GHRH, idiyopatik hipotalamo-hipofizer cüceliğin tedavisinde kullanılmaktadır. Veriliş şekli pulsatil programlı intravenöz infüzyon ya da cilt altı şeklinde olur
Büyüme Hormonu (GH): Büyüme hormonu (GH) ya da somatotropin, bütün ön hipofiz hücrelerinin % 45’ini oluşturan somatotrop hücrelerde sentezlenir. 
Yağ dokusu lipolizi, insulin etkisinin oluşmasında ve somatomedinler adı verilen karaciğerde sentezlenen faktörlerin aracılık ettiği dolaylı anabolik etkiler gibi çok sayıda metabolik etkilerde önemli rol oynar. GH salgılanması, GHRH (somatokrin) tarafından uyarılır ve somatostatin tarafından inhibe edilir.
Büyüme hormonunun başlıca fizyolojik etkileri:
 protein anabolizmasını uyarmak (pozitif azot balansı);
 kemik ve diğer organ büyümelerini kolaylaştırmak ve hızlandırmak;
 lipolizi uyarmak;
 karbonhidrat metabolizması üzerine kompleks etki: önce insulinomimetik, sonra hiperglisemik etki.
Etkilerinin çoğunu karaciğerde sentezlenen küçük peptidler olan somatomedinler aracılığı ile oluştururlar. Bu peptidlerle proinsulin’in önemli benzerlikleri nedeniyle somatomedinler, insuline-like growth-factors (IGF) diye de adlandırılırlar. İnsanlarda somatomedin-A (IGF2) ve somatomedin-C (IGF1) diye iki tipi gösterilmiştir.

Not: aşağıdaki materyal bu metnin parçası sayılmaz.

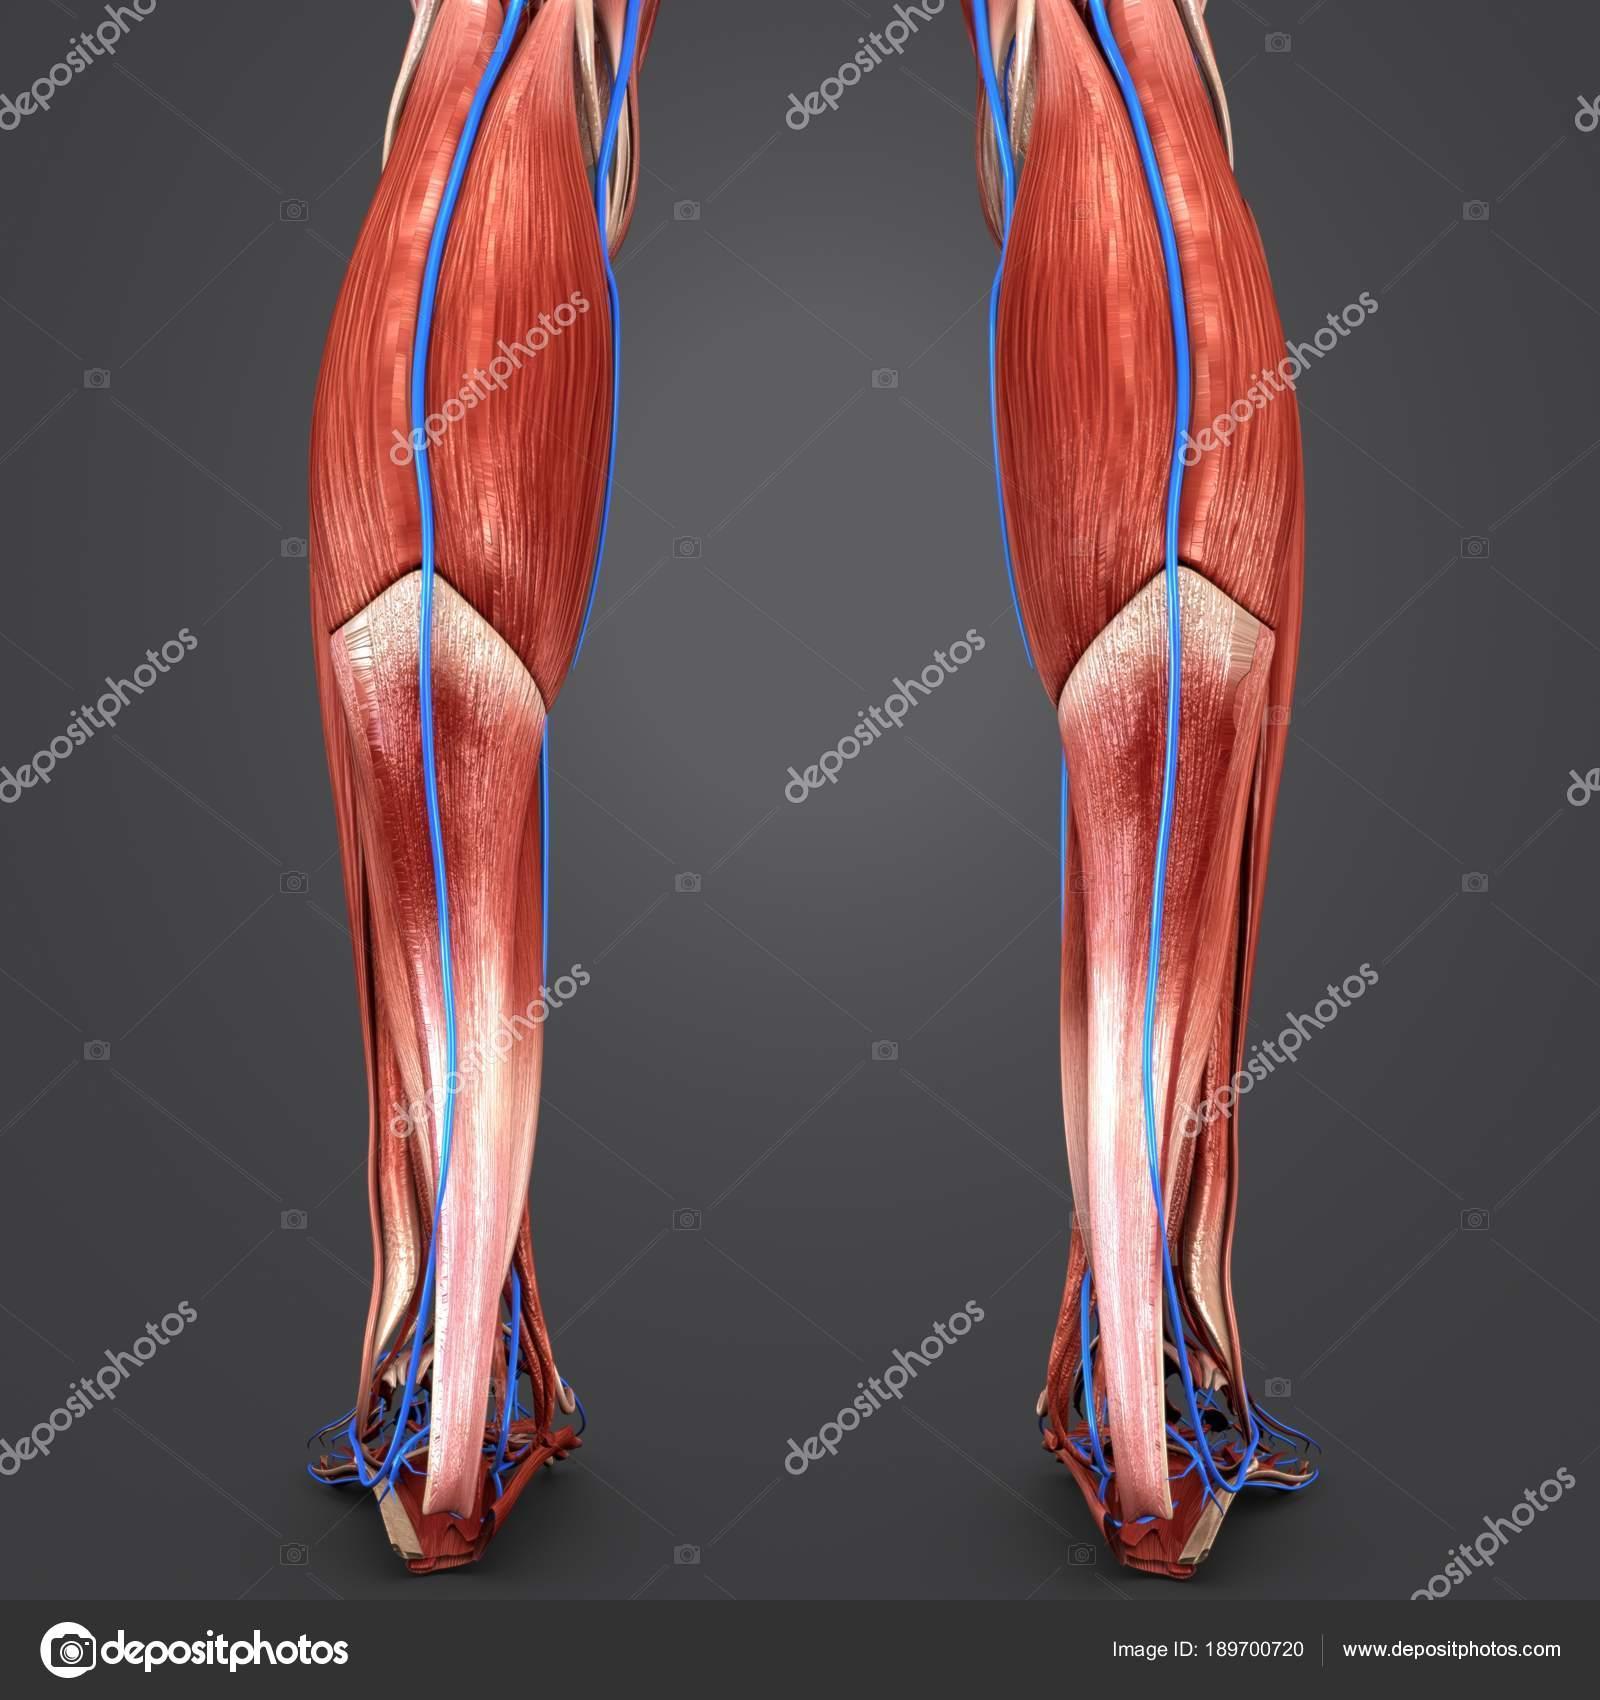 Colorful Medical Illustration Human Legs Veins — Stock Photo ...
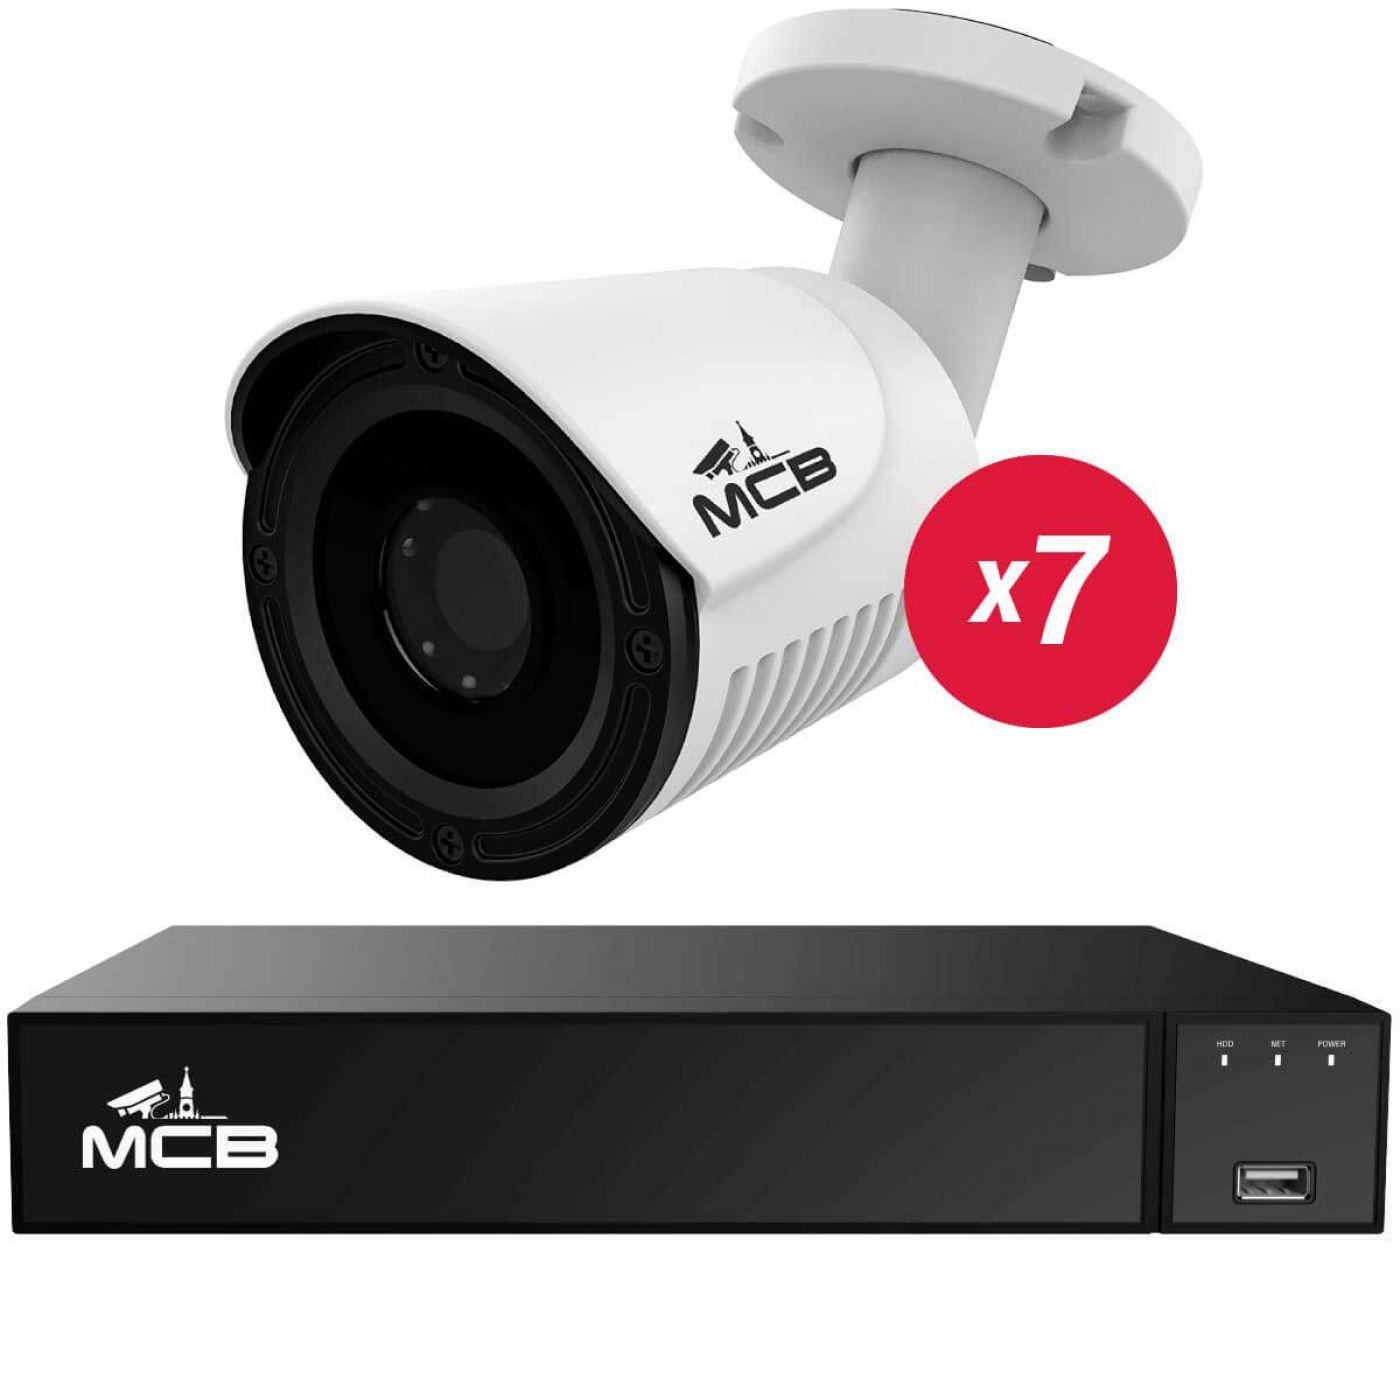 Комплект видеонаблюдения на 7 камер 2 Мегапикселя 1080N

Yetişkinlerde büyüme hormonundaki bir yetmezlik durumu, insuline karşı hipersensibilite oluşmasına yol açmaktadır. Buna karşın çocuklarda, iskelet ve tüm organizmanın büyüme ve gelişmesinde gecikme şeklinde ortaya çıkan hipofizer cüceliğe neden olmaktadır.
Rekombinant DNA teknolojisi kullanılarak yapılmış sentetik insan büyüme hormonu, Somatropin, hormonal yetmezlik sonucu büyüme gecikmesi görülen çocukları tedavi etmede kullanılır. Laron tipi cücelikte etkisizdir; burada hedef hücrelerde büyüme hormonu reseptörleri eksiktir. 
Büyüme hormonu, aktif hipofizer tümörlü hastalarda kontrendikedir. Diabetojen aktivitesi nedeniyle kan şekeri düzeyi sıklıkla ölçülmelidir.